The court also rejected the expert’s assumption that health plans pass on 100 percent of any Sutter overcharges. The fact that health plans try to set premiums at a level that covers all their expenses as a whole, or that their premiums generally increase when their costs increase, did not establish that health plans pass on 100 percent of any given cost increase or overcharge through to their customers. The expert’s regression model also failed to take into account that competition from rivals (for example, Kaiser Permanente) affects a health plan’s decision to pass on costs.
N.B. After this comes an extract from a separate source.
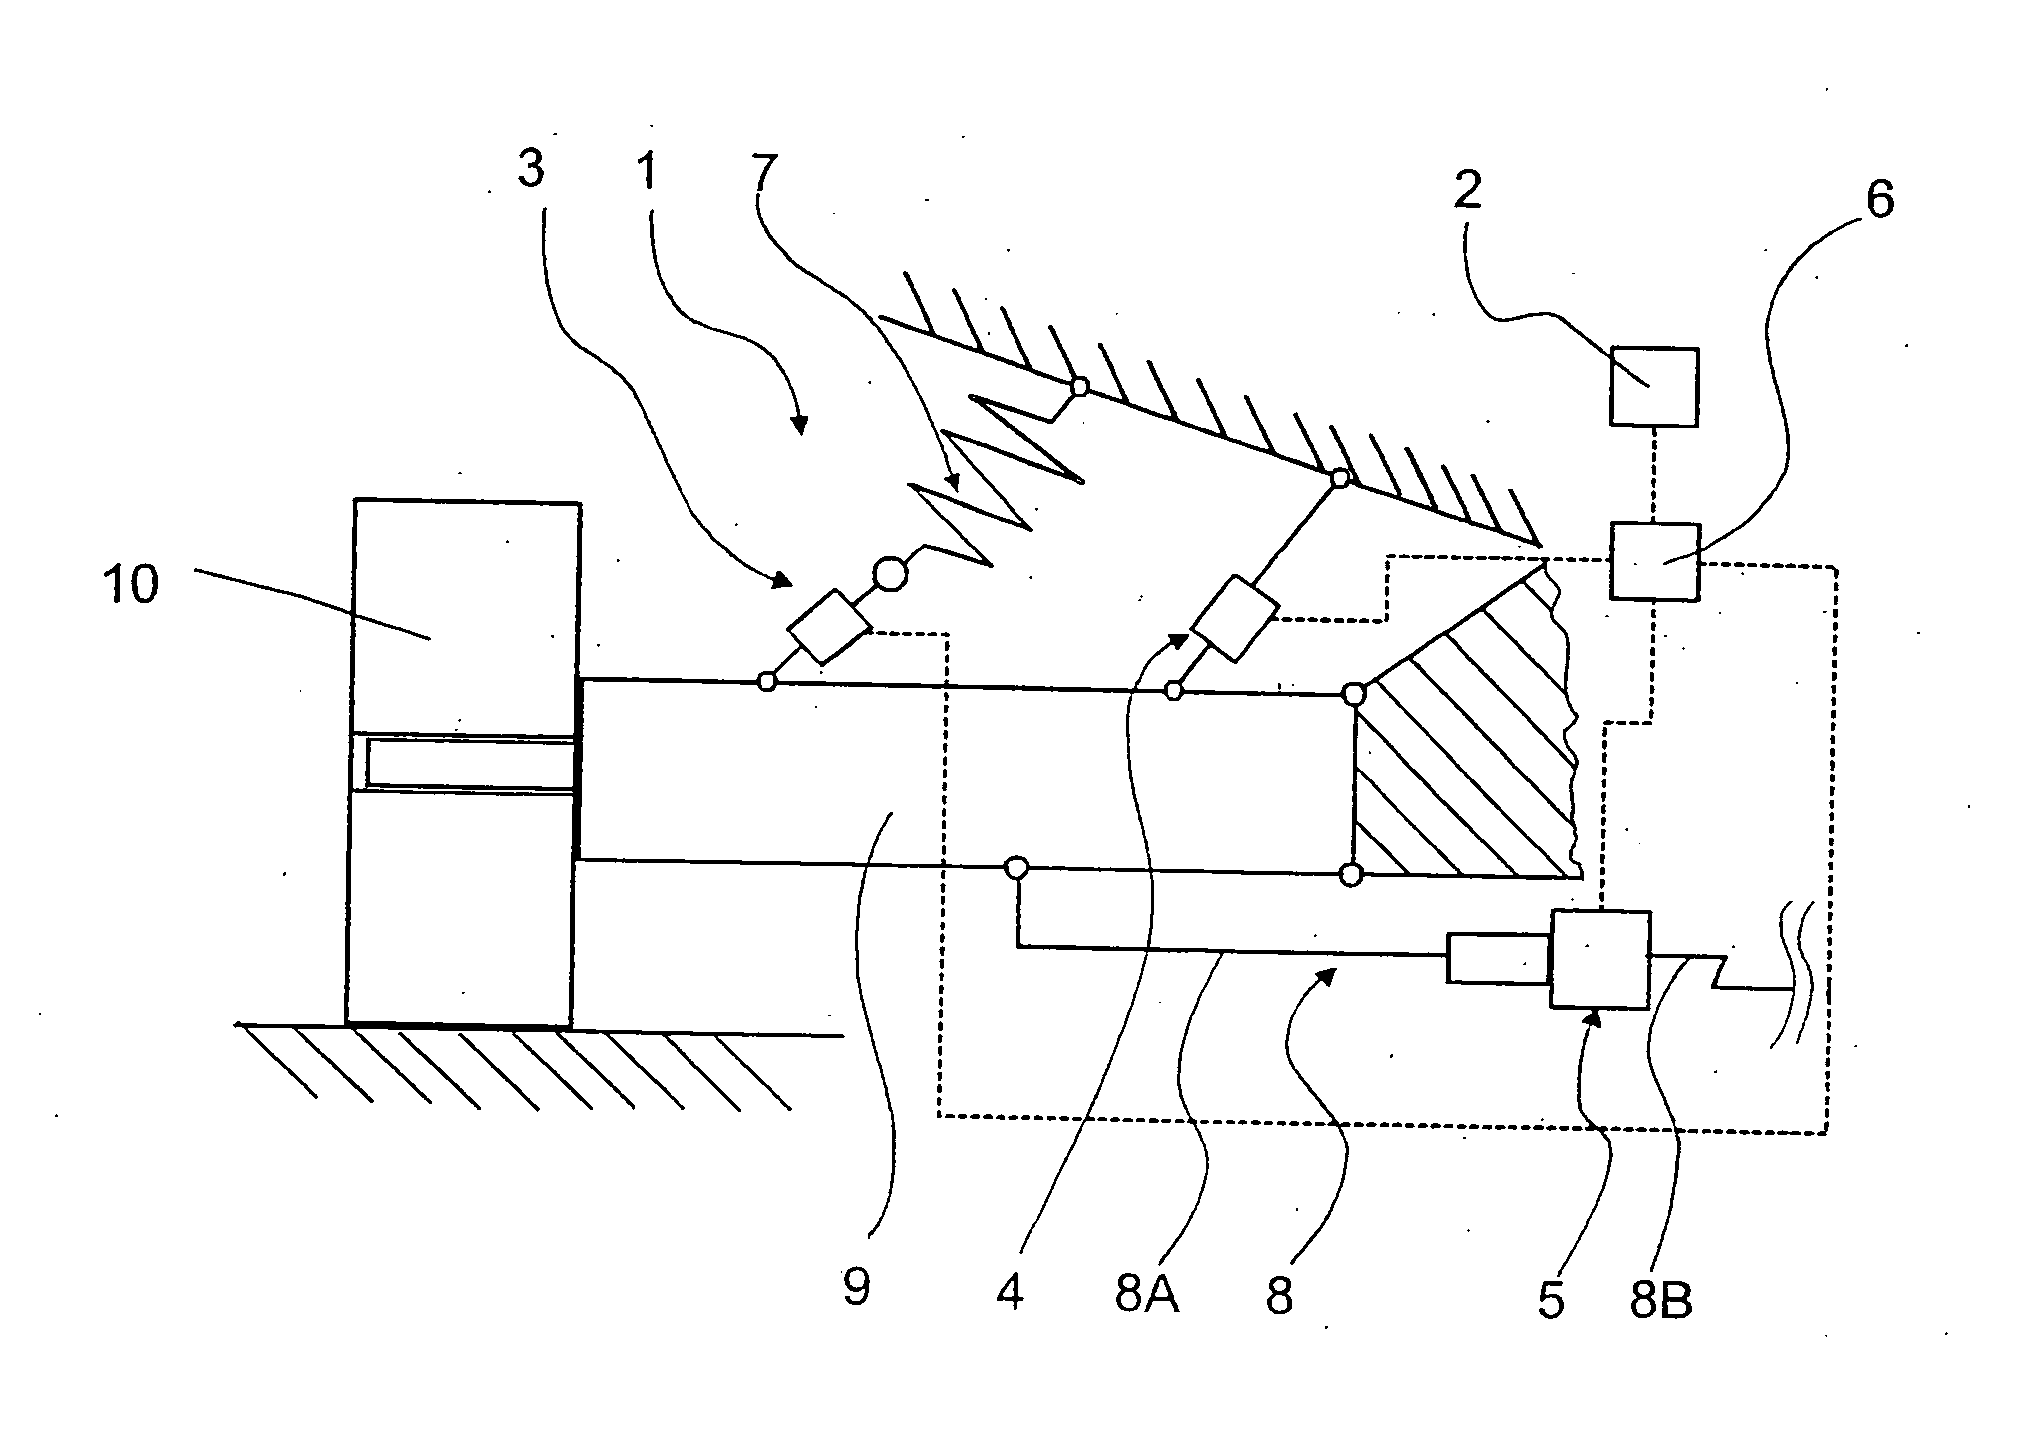 Process For Controlling And Regulating An Active Chasis System
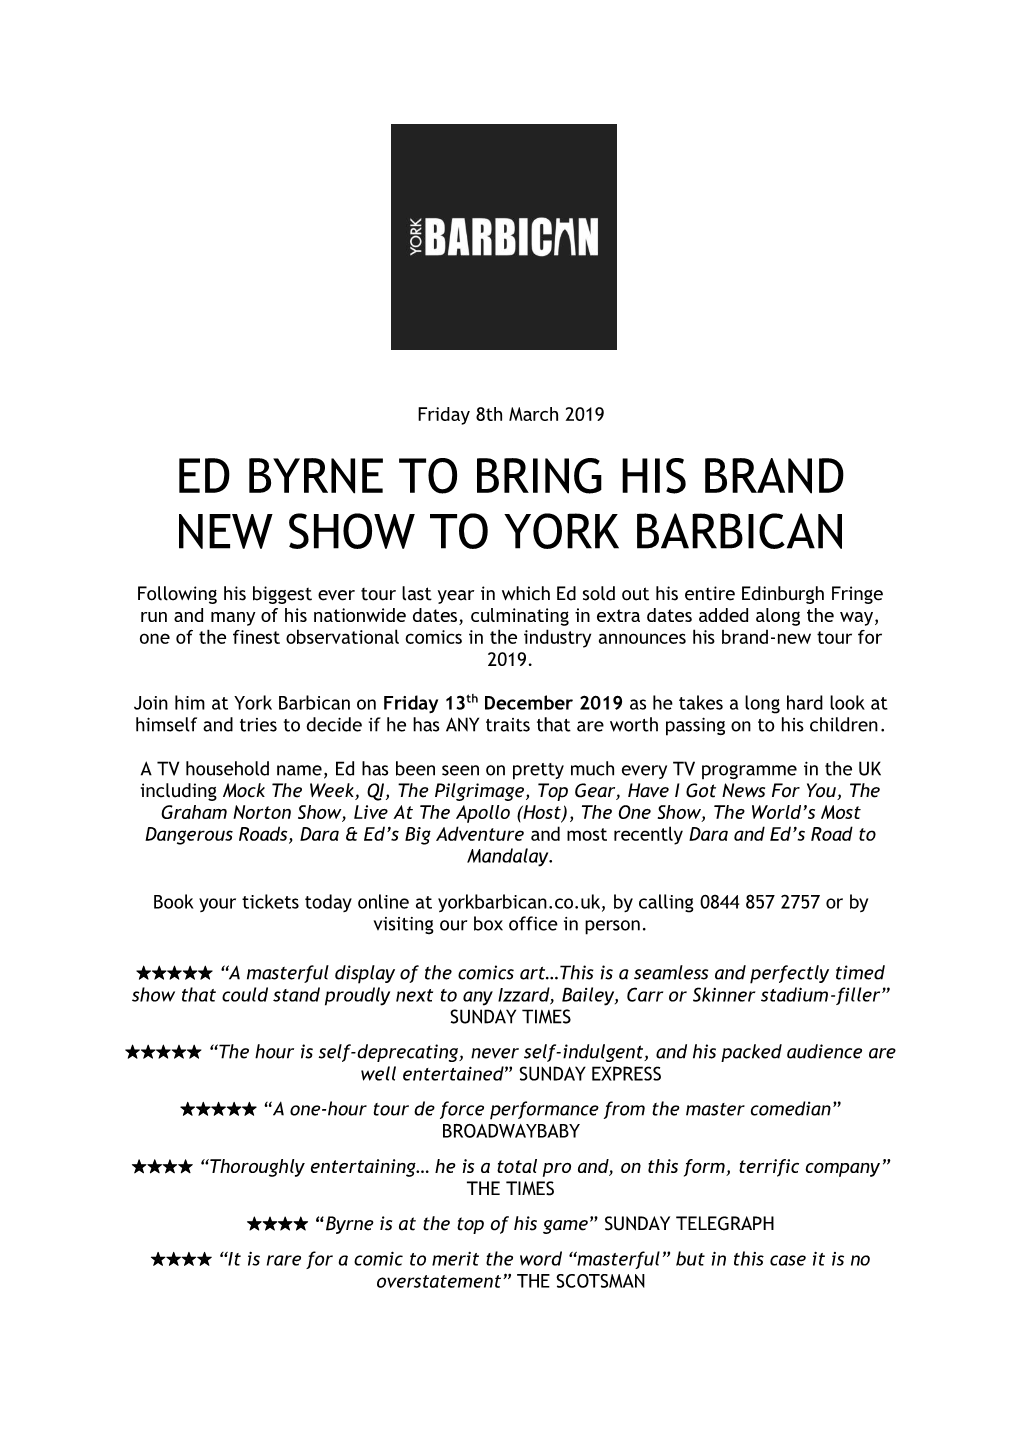 Ed Byrne to Bring His Brand New Show to York Barbican

The court did conclude that the plaintiffs satisfied the requirements for certifying a class for injunctive or declaratory relief. The plaintiffs sought a single injunction barring Sutter from engaging in anticompetitive behavior, including its systemwide-contracting practices with their all-or-nothing, anti-steering, and penalty rate provisions or a declaration that Sutter’s practices are anticompetitive and violate the antitrust laws. These remedies would provide relief to each member of the class.
This case is No. 3:12-cv-04854-LB.
Attorneys: Azra Z. Mehdi (Mehdi Firm PC) for Djeneba Sidibe. Jeffrey Alan Levee (Jones Day) and Oliver Quinn Dunlap (Bartko Zankel Bunzel & Miller) for Sutter Health.